Origine et histoire de l'Église Notre-Dame-du-Lac du Thor
L'église Notre-Dame-du-Lac, édifiée à la fin du XIIe siècle au Thor (Vaucluse), est un chef-d'œuvre de l'art roman provençal, marqué par une forte inspiration antique. Classée monument historique dès 1840 parmi les 934 premiers sites protégés en France, elle se distingue par son porche méridional évoquant un arc de triomphe, ses chapiteaux sculptés (palmettes, aigles, visages humains) et son chevet heptagonal rythmé par des pilastres cannelés. Son clocher, inachevé pendant des siècles en raison de problèmes de financement, fut finalement doté d'un lanternon en 1834 et réparé dans les années 1830-1840, restant disproportionné par rapport à l'édifice.
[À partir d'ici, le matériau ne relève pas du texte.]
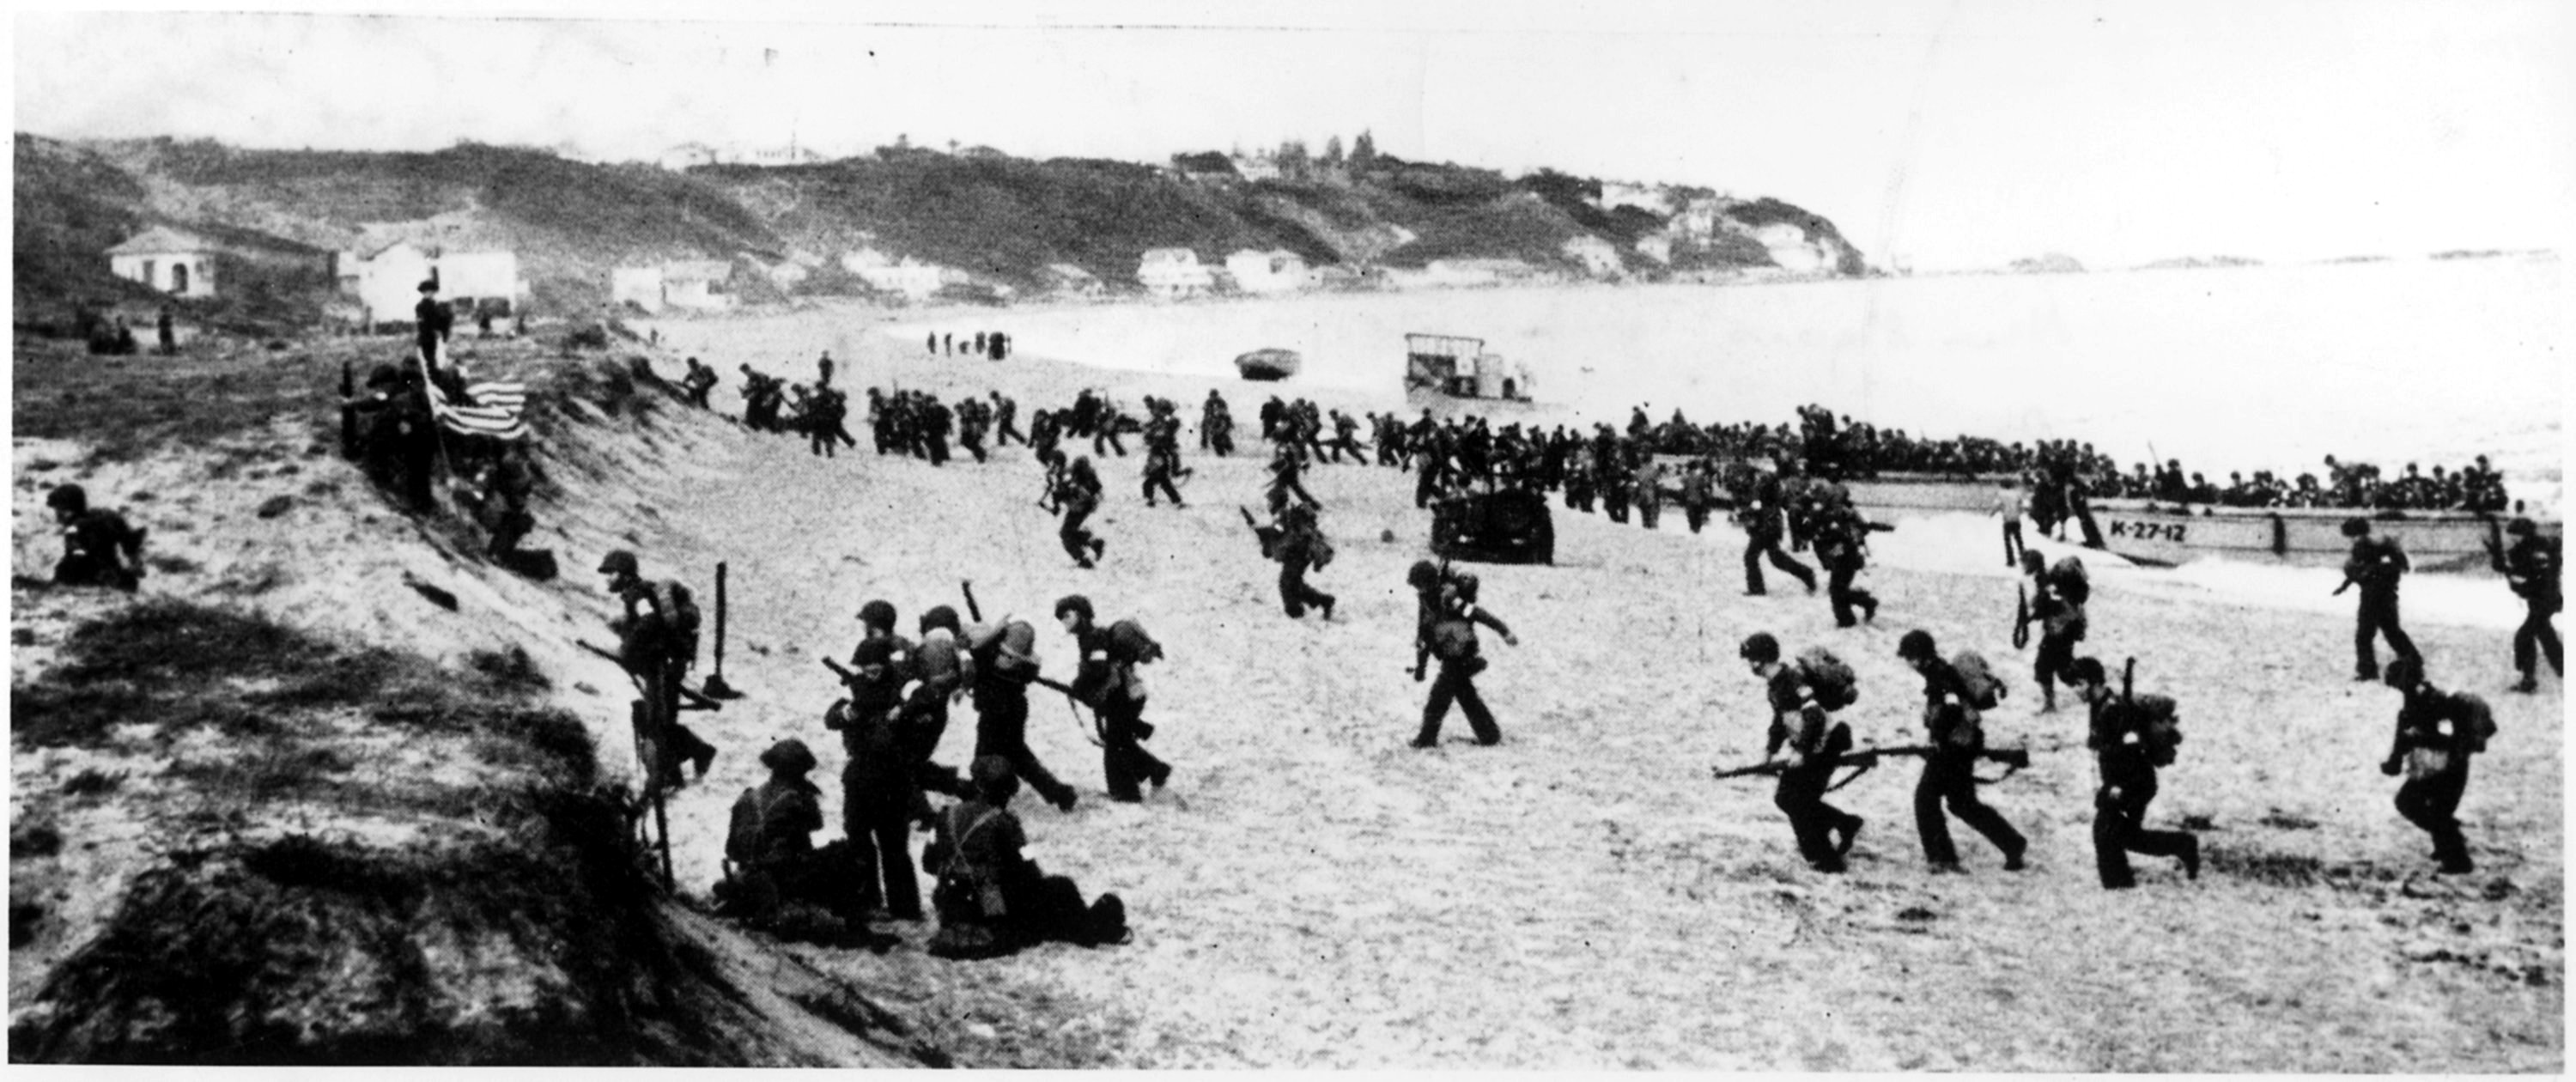 Operation Torch troops hit the beaches

La légende attribue son nom à une statue de la Vierge miraculeusement découverte dans un étang par un taureau. Sous la gouvernance de l'abbaye Saint-André de Villeneuve-lès-Avignon, l'église abritait quatre confréries (Saint-Esprit, Saint-Sacrement, Notre-Dame-du-Scapulaire, Sainte-Anne), offrant aux membres le privilège d'être enterrés sous la nef — 80 personnes y reposèrent avant que le sol ne soit bétonné. L'intérieur, d'une hauteur de 16 mètres, surprend par ses dimensions (35 m de long) pour une église de village, mêlant nef romane voûtée d'ogives et chœur élégant aux colonnes hexagonales et cylindriques alternées.
L'église fut victime d'un vol spectaculaire en 1994 : onze statues en bois doré des XVIIe et XVIIIe siècles (dont une Vierge à l'Enfant et saint Roch) disparurent sans effraction, probablement volées par des complices enfermés à l'intérieur. Cinq d'entre elles (saint Marc, saint Jean-Baptiste, sainte Barbe, sainte Catherine de Sienne, saint Dominique) furent retrouvées en Italie entre 1999 et 2001, restaurées et réinstallées en 2013 avec un système de sécurité. Une des statues, vendue 50 000 euros à un collectionneur via un antiquaire napolitain, illustre l'ampleur du trafic d'art sacré.
Le site compte 3 500 marques lapidaires — un record en Provence —, gravées sur les pierres intérieures et extérieures, témoignant de l'activité des tâcherons médiévaux. La croisée, dépourvue de transept, est surmontée d'une coupole ornée d'un rare tétramorphe (symboles des quatre évangélistes) et éclairée par un oculus. À l'ouest, une tribune réservée aux hommes (démontée en 1950) surplombait la nef, dont les murs asymétriques (baies au sud, mur aveugle au nord) reflètent des adaptations liturgiques.
Classée dès 1840, l'église bénéficia d'une valorisation récente : en 2018, l'association Les amis de Notre-Dame du Lac fut créée pour promouvoir ce patrimoine, suivie en 2019 par un spectacle son et lumière projeté sur sa façade nord. Son architecture, combinant réminiscences antiques (frises de grecques, chapiteaux à acanthe), innovations gothiques (croisées d'ogives) et éléments néo-romans (clocher achevé tardivement), en fait un témoignage exceptionnel des transitions stylistiques en Provence.